自由財産拡張が認められるかどうかはやってみないとわからない

 現在、総額99万円までであれば、自由財産の拡張を緩やかに認める裁判所が多いです。
 しかしながら、自由財産拡張が認められるどうかは、破産管財人の意見や裁判官の考え方により、左右されます。
 そのため、本当に自由財産の拡張が認められるかどうかは、やってみないとわからないものといわざるを得ません。

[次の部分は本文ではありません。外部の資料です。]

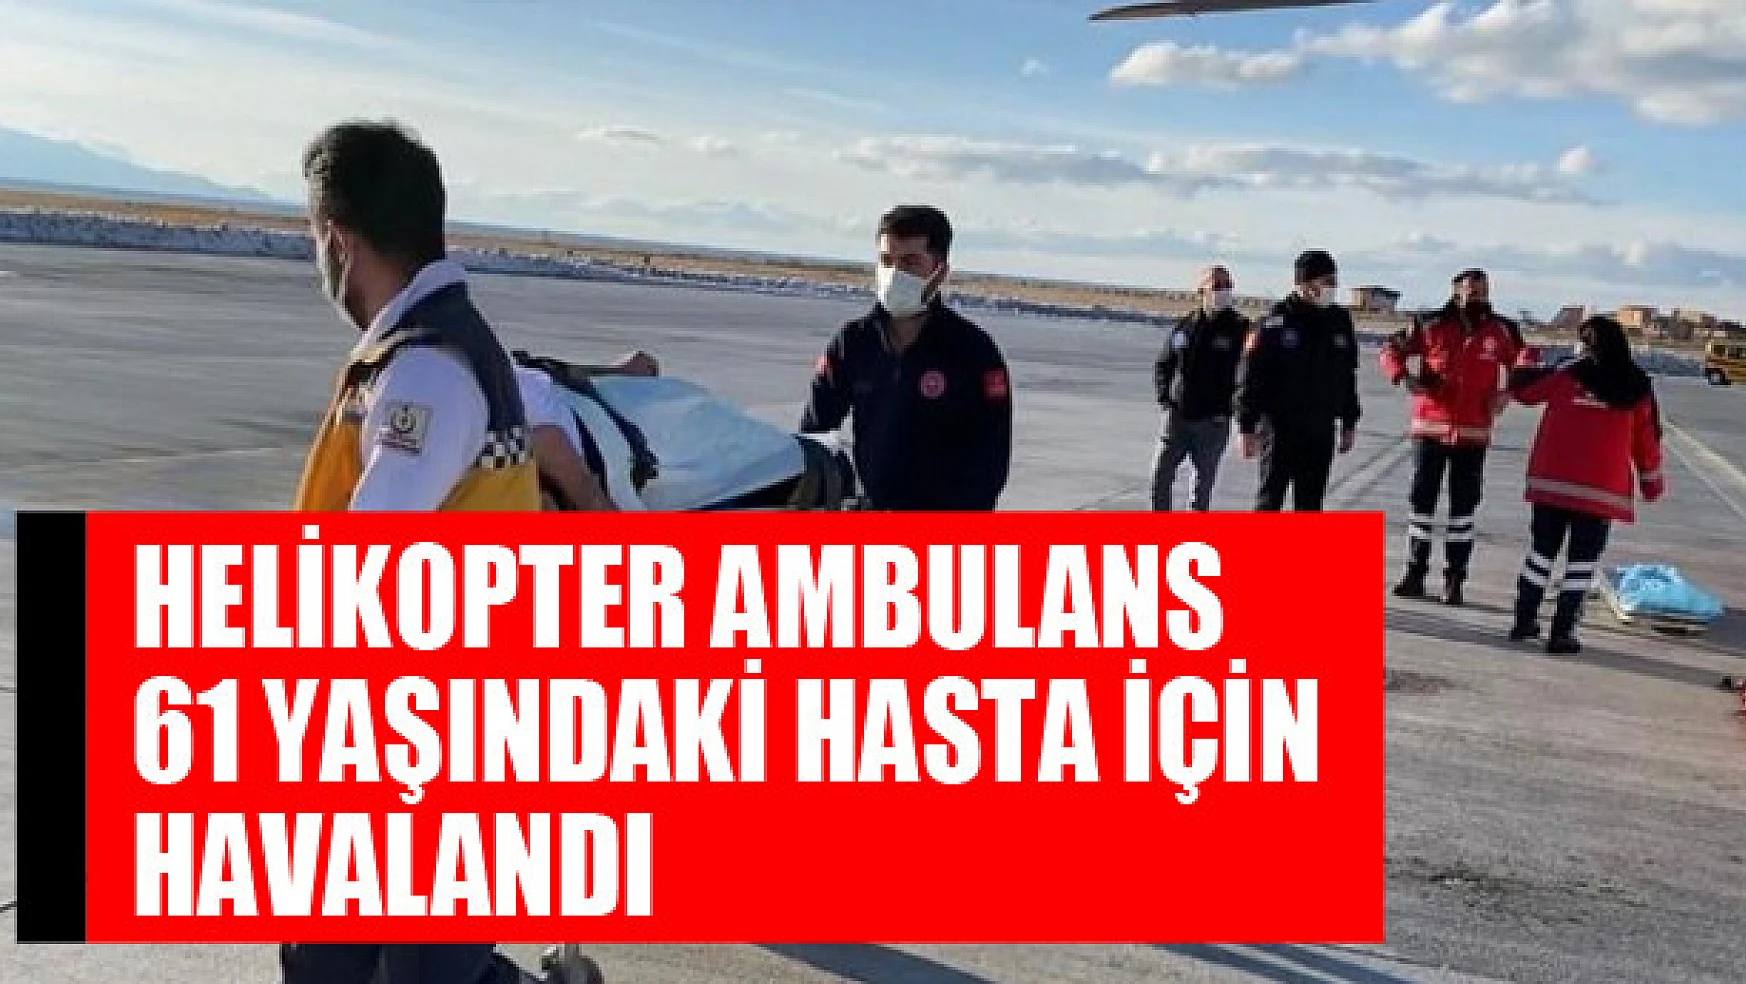 Helikopter ambulans 61 yaşındaki hasta için havalandı
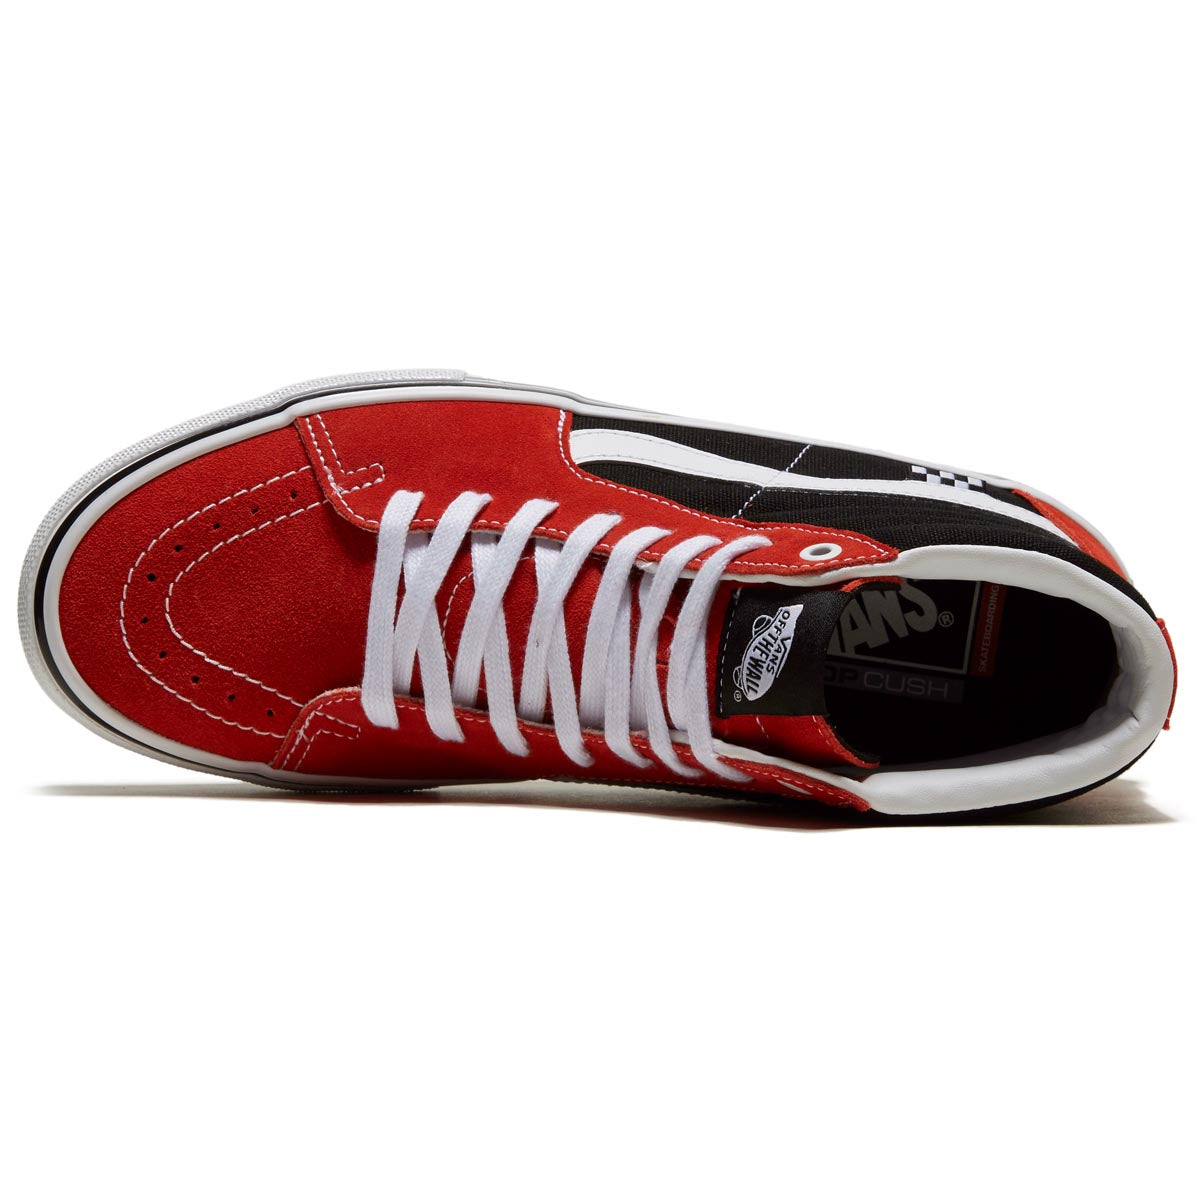 Vans Skate Sk8-Hi Shoes - Red/Black image 3

じゃあ、現金にしてしまえば、99万円まで維持できる?

 このように、99万円以下の現金や差押禁止財産以外の財産は維持できるかどうかわからないので、破産を申し立てる前に、財産を現金化してしまう方もいるでしょう。
 現金にさえなってしまえば、99万円まで維持できる、という考え方です。
 ただ、このような方法に対しては、裁判所は厳しい姿勢であたっています。
 破産申立ての直前に現金化された財産は、「現金」ではなく、現金化される前の財産として扱っている裁判所が多いです。

(例)
破産申立直前に保険を解約し、解約返戻金50万円を入手したケース
→たしかに、50万円は現金になっているが、「現金」ではなく「50万円の価値をもつ保険」として扱う

というわけです。

現金化前の財産として扱うことに疑問も……

 でも、これって批判も大きい運用です。
 裁判所としては、破産逃れのような現金化を「ずるい」と見ているのでしょうが、既に現金となっているものを、現金化前の財産として扱うことは法的根拠に乏しいと思われます。
 破産法34条3項1号で、99万円以下の現金が当然に維持できる、と認められていることからすると、裁判所がいくら「ずるい」と考える、直前に現金化された財産でも、99万円までは維持できるのではないかと考えられます。破産法34条3項1号に裁判所が裁量を及ぼす余地はないものと思われます(現金化する前の財産として扱いたいのであれば、否認権を行使するべきですが、単に現金化しただけでは、一般的に否認権の行使は困難と考えられます)。
 ただし、裁判所としては、破産法34条4項の自由財産拡張の判断にあたっては、様々な事情を考慮することができます。そのため、自由財産拡張の判断にあたっては、直前に現金化されたことを考慮されてもやむをえない、といわざるを得ないでしょう。

有用の資にあてることは許される

 このように、破産申立ての直前に財産を現金化して、費消することは原則として許されません(現金化して使ってしまっても、使ってしまう前の財産を基準に自由財産拡張の判断をされます)。
 しかし、一般的に「有用の資」として扱うことは許されています。

 たとえば、150万円の保険を解約して、うち70万円を使ってしまったケースでは、

・70万円を有用の資にあてた→80万円の保険として見られる
・70万円を有用の資以外にあてた→150万円の保険として見られる

ことになるわけです。
 99万円基準のもとでは、どちらとして扱われるかで維持できる財産の範囲が大きく異なってきます。

有用の資ってどんなもの?

 有用の資については、文献(全国倒産処理弁護士ネットワーク編『破産実務Q&A200問』・平成24年12月15日・株式会社きんざい・61ページ)よれば、以下のものがあげられています。

・破産申立費用(予納金・弁護士費用等)
・生活費
・医療費
・転居費用
・葬儀費用
・学費
・公租公課の支払い

 なお、いずれも、相当な範囲に限定されていますので注意が必要です。